I turn on the fan and point it away from me now, but the white noise helps drown out any noise that goes on the other side of the door and through the house. I will pop in my ear buds and turn the volume on low and play soothing meditation music and focus on an object in the room-picture on table or wall or maybe a statue and meditate. Sometimes a 7up will help the stomach instead of water and saltines. When it gets bad eating solid food is out of the question and I know they say not to skip meals but come on! When you’re so sick you cannot keep anything down the last thing on your mind is food. So I try to Zen out, chill out and replenish my ice packs as needed and reheat the hot pads also. If I’m home alone that means I am disrupted a lot. If I’m not then I can ask for help when others are in a fair mood. I try really hard to focus on the positive and when others around me are negative I still try to maintain a positive attitude and if I find it hard to do I focus on trying to block it out because negativity makes the pain worse. I found that out by concentrating on it and focusing on it and realizing that it was true. Being positive does not take away all the pain but it makes the burden easier to bear and being negative or around negative people not only brings you down it magnifies the pain. So meditation and chanting a mantra on staying positive helps and working really hard on keeping that up, and I cuddle with my little dog Paco who turns into a little nurse aide and he keeps a watchful eye on me when I’m ill.
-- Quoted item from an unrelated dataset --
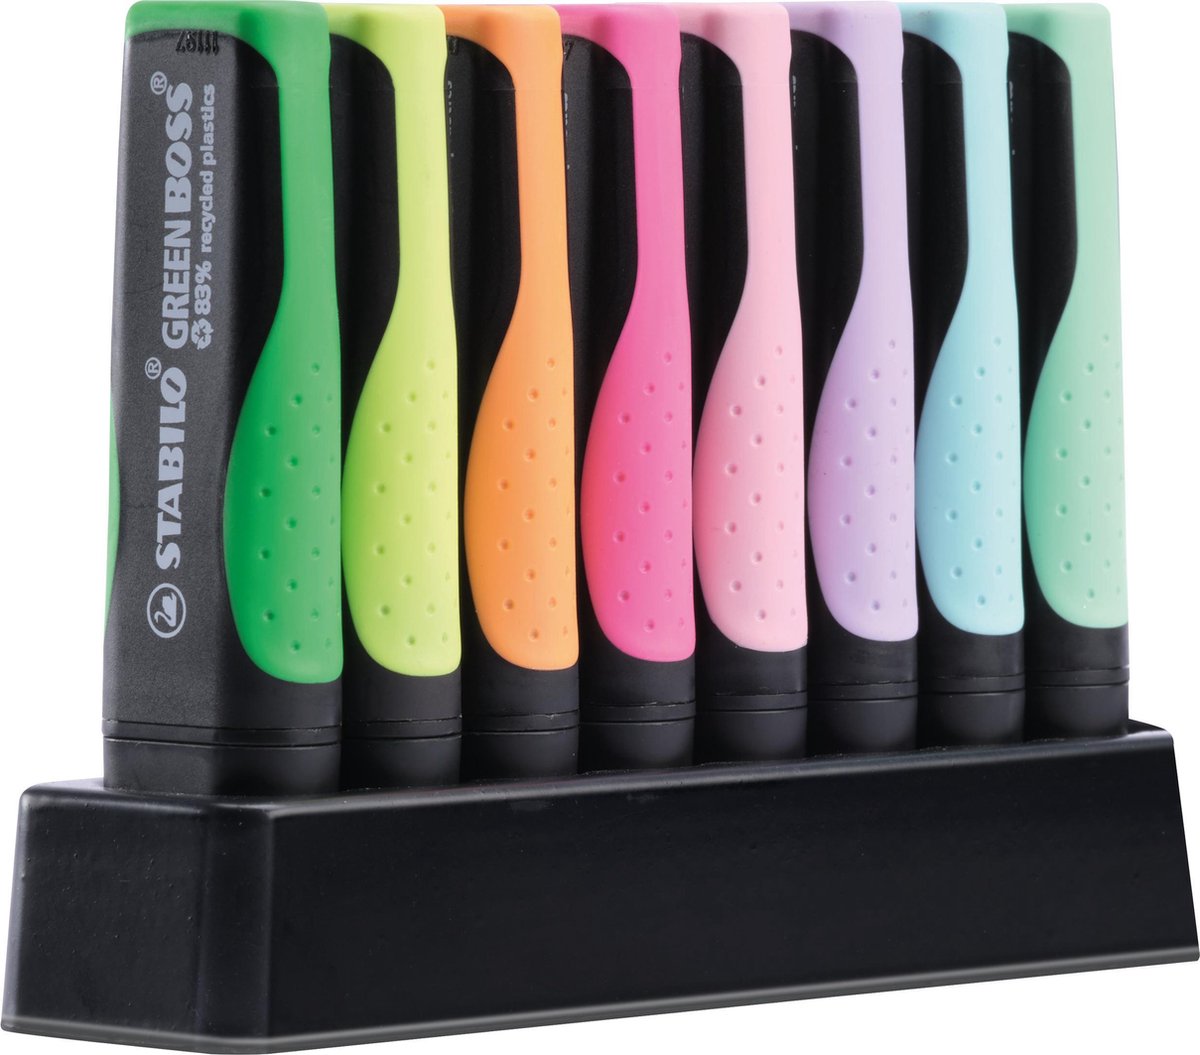 STABILO GREEN BOSS Pastel - Markeerstift - Gemaakt van 83% Gerecycled Plastic - 8 Stuks Deskset - 4 Standaard + 4 Pastel Kleuren

He will not leave my side and is extra cuddly and affectionate and gives me the unconditional love that I need the most to help me endure and pull through yet another bad spell. 

If my migraine lets up some to where I can semi-function I will get out my laptop or tablet and connect online to get a pep-talk of sorts. But that is only when I’m up to it because sometimes, well most of the time, when I get online I don’t know how to cut it short. I start seeing topics or conversations and I get carried away. Or I think of something I want to search about and before you know it I have a lot of pages bookmarked that I have to check out later when I’m functioning better. I try really hard to keep technology out of the bedroom as it’s suppose to be a sanctuary, but once in a while I break my rule. That is something I’m working on really hard. I have to admit last week I did really well and I did not take them into the room with me, so I’m making some progress there. But this is how I survive my Migraine episodes. Some of these I picked up on my own by trial and error, some from blogging with others on Migraine.com and from other bloggers. 

I hope I have something in my “Kit” and “survival tactic operations” that might help someone else. This is how I stack and prepare my safe zone as I call it-to feel like my sanctuary to ride out the storms and have most of what I need at fingertip reach. Looking into a very small freezer for bedside, but not very practical at this point, but my ice packs would be a lot closer-not that it kills me to go to kitchen except if the lights are too bright. We have a skylight in the kitchen ceiling-that was a bad idea-and a lot of sun comes through it. 

DISCLAIMER: THIS SITE IN NO WAY GIVES MEDICAL ADVICE OR DIAGNOSIS. SEE YOUR OWN PHYSICIAN FOR ANY CONCERNS OR QUESTIONS YOU MAY HAVE THAT ARE MEDICAL. THIS SITE IS TO JOURNAL AND BLOG ON MY “OWN” PERSONAL EXPERIENCES AND WHAT WORKS FOR “ME”. THIS DOES NOT INDICATE IN ANY WAY THAT I SUGGEST THAT OTHERS MUST FOLLOW MY THOUGH PROCESS OR MY WAY OF DEALING WITH CHRONIC PAIN. THIS IS WHAT I HAVE FOUND TO WORK FOR “ME” IN THE 25 YEARS I’VE BEEN DEALING WITH THIS CHRONIC CONDITION AND HOW I FOUND A WAY TO COME TO TERMS WITH IT. YOU MAY OR MAY NOT AGREE-THAT IS YOUR CHOICE. BUT I AM STRESSING THIS IS WHAT WORKS FOR “ME” AND I’M ONLY JOURNALING TO INFORM MY PROCESS ALONG THE WAY FOR “MY” BENEFIT AND FOR ANYONE THAT WANTS TO LISTEN. NOT INTENDED TO BE A LECTURE FOR HOW OTHERS SHOULD DEAL WITH CHRONIC ILLNESS OF ANY SORT.